Maybe my calculations are off.
Stop the handouts to these
Stop the handouts to the destructive polluting industries:
oil, gas, mining and timber!
I also nearly fell out of my chair yesterday hearing that Sean Parnell is giving MORE state land and 700,000. of stimulus money to the timber industry! This industry has already caused tremendous damage in our state, and this "handout" will only encourage out of state loggers to move to Alaska!
I want to see investment & encouragement go to the non-destructive industries. Our State must consider climate change and how our investments will impact it. Remember we are at Ground Zero for climate change. We have to course correct.
And our Forests are one of the single most COST EFFECTIVE ways to combat Global Warming. The Timber industry is trying to FALL Flat on its face yet STILL some folks are trying to hold it up with handouts??? Good grief!!
And more drilling is not an answer it will only keep us on our current destructive path.
We should promote conservation and change the ways we use energy and encourage non-destructive, non-polluting industries to move here.
******Our state MUST COURSE CORRECT TODAY ******
Why should the oil companies want hire Alaskans ?
If I were an oil company I would not hire Alaskans. Who in their right mind would hire some Alaskan who may actually may care about what happens on the North Slope, then goes home to some Alaska town and talks to their friends and neighbors about what is taking place or not taking place on the North Slope. But that is more the legislators can wrap their minds around or for the brighter ones --- want to wrap their minds around.
The oil companies have prosing local hire for the last 40 years and it has not happed yet. The Oil Companies promised native hire on the construction TAPS as condition of being allowed to construct TAPS that did not happen by the oil companies own admission. So the oil companies promised native hire when the corroded gathering system was replaced. That did not happen either. The oil were even going to train the natives they didn’t. The gathering system corroded because they hired someone to see that necessary measures to inhibit corrosion were not taken. The corrosion inhibitors were never inject into the lines to prevent the the corrosion.

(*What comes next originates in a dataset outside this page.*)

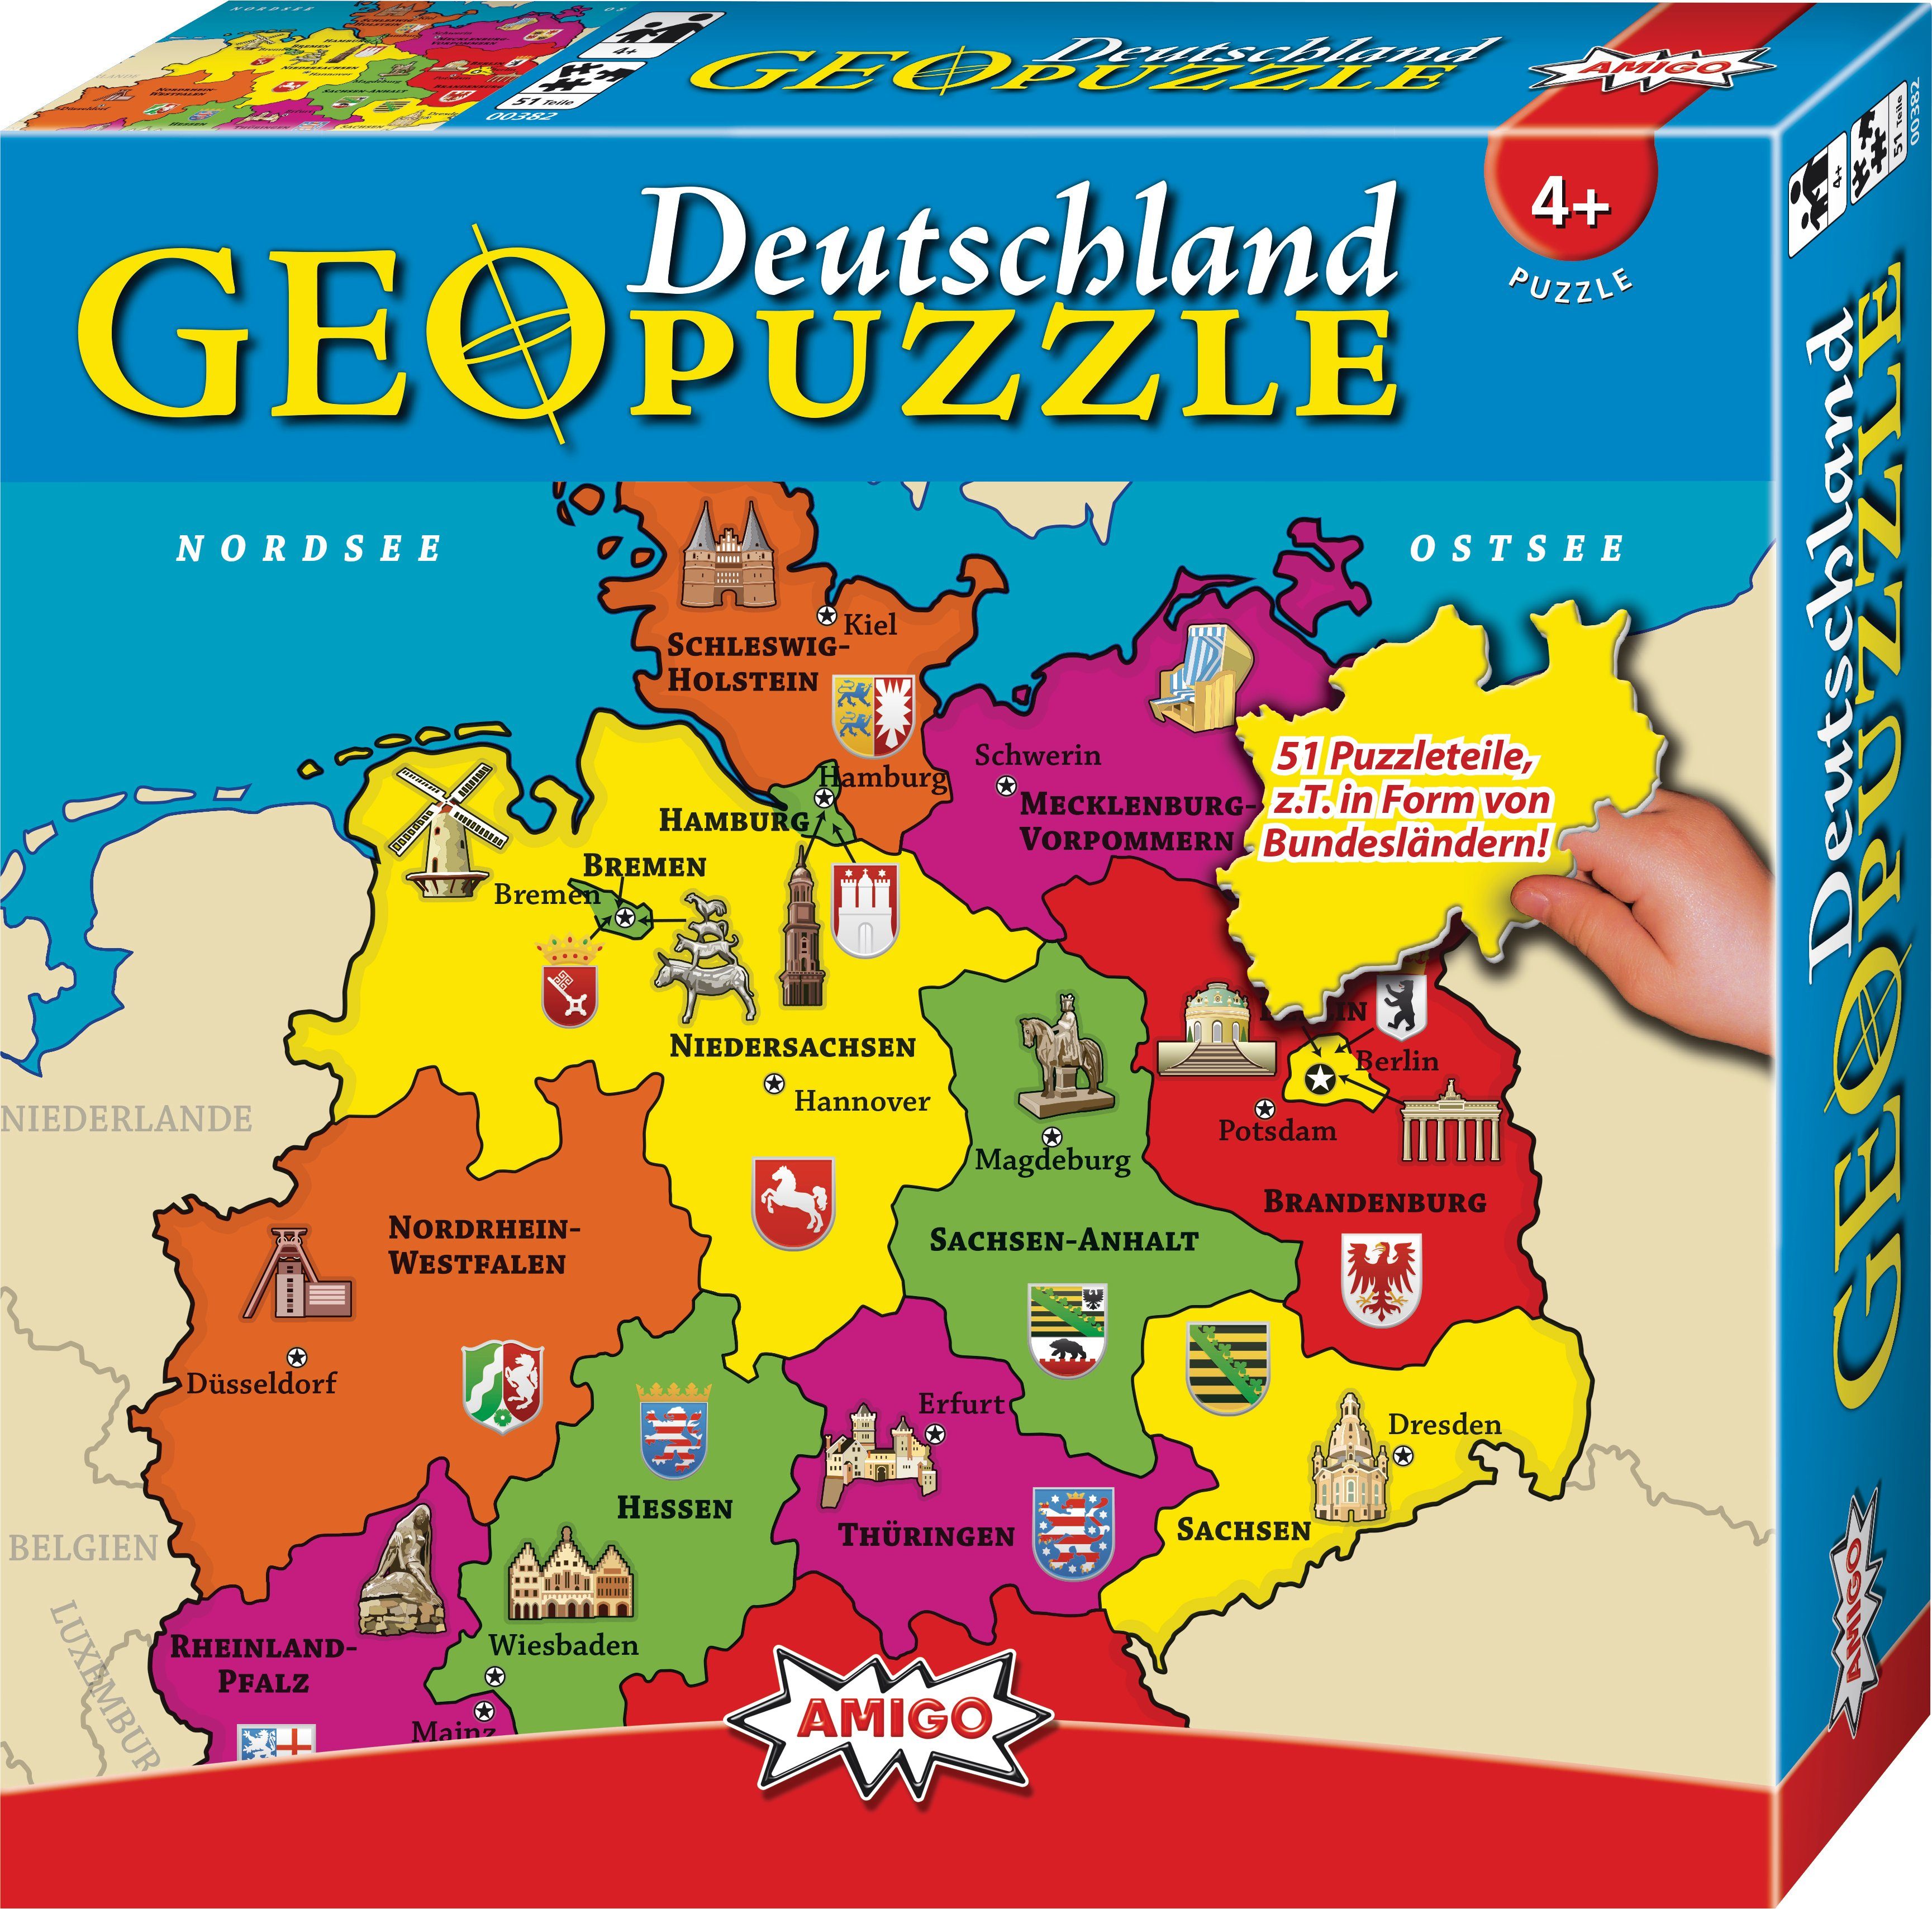 Es fühlt sich luxuriös an! AMIGO Puzzle - ab Teile GeoPuzzle Deutschland 4 Puzzleteile 51 Jahren

The oil companies made money by allowing the corrosion to take place just as they plan to make money in continuing to allow TAPS to corrode.
Alaska oil tax credits are far too generous.
Sen. Giessel from Anchorage is just another republican oil company shill like Parnell and most republicans. Selling out is what republicanism is all about whether it is state, local or federal.
The oil companies make the excuse that cannot find qualified Alaskans yet the oil companies do not provide schools to train Alaskans for those jobs. The Legislature need to place and additional tax of one percent on oil production to provide State schools to train Alaskans for oil field jobs that oil companies say that they cannot find qualified Alaskans.
The only way to get Alaska hire is to tax the oil companies more and use the taxes for State of Alaska infrastructure projects where the State can train and hire Alaskans.
Icome Tax
Why not put an income tax in place for out of state residents? It would make it more attractive to relocate to Alaska.
I am for an income tax. I
I am for an income tax and lets build Casinos and make our state a first rate tourist attraction.
I would rather see this than what Parnell is doing!
Ca$ino$
Casinos is an interesting concept. I wouldn't be opposed to that.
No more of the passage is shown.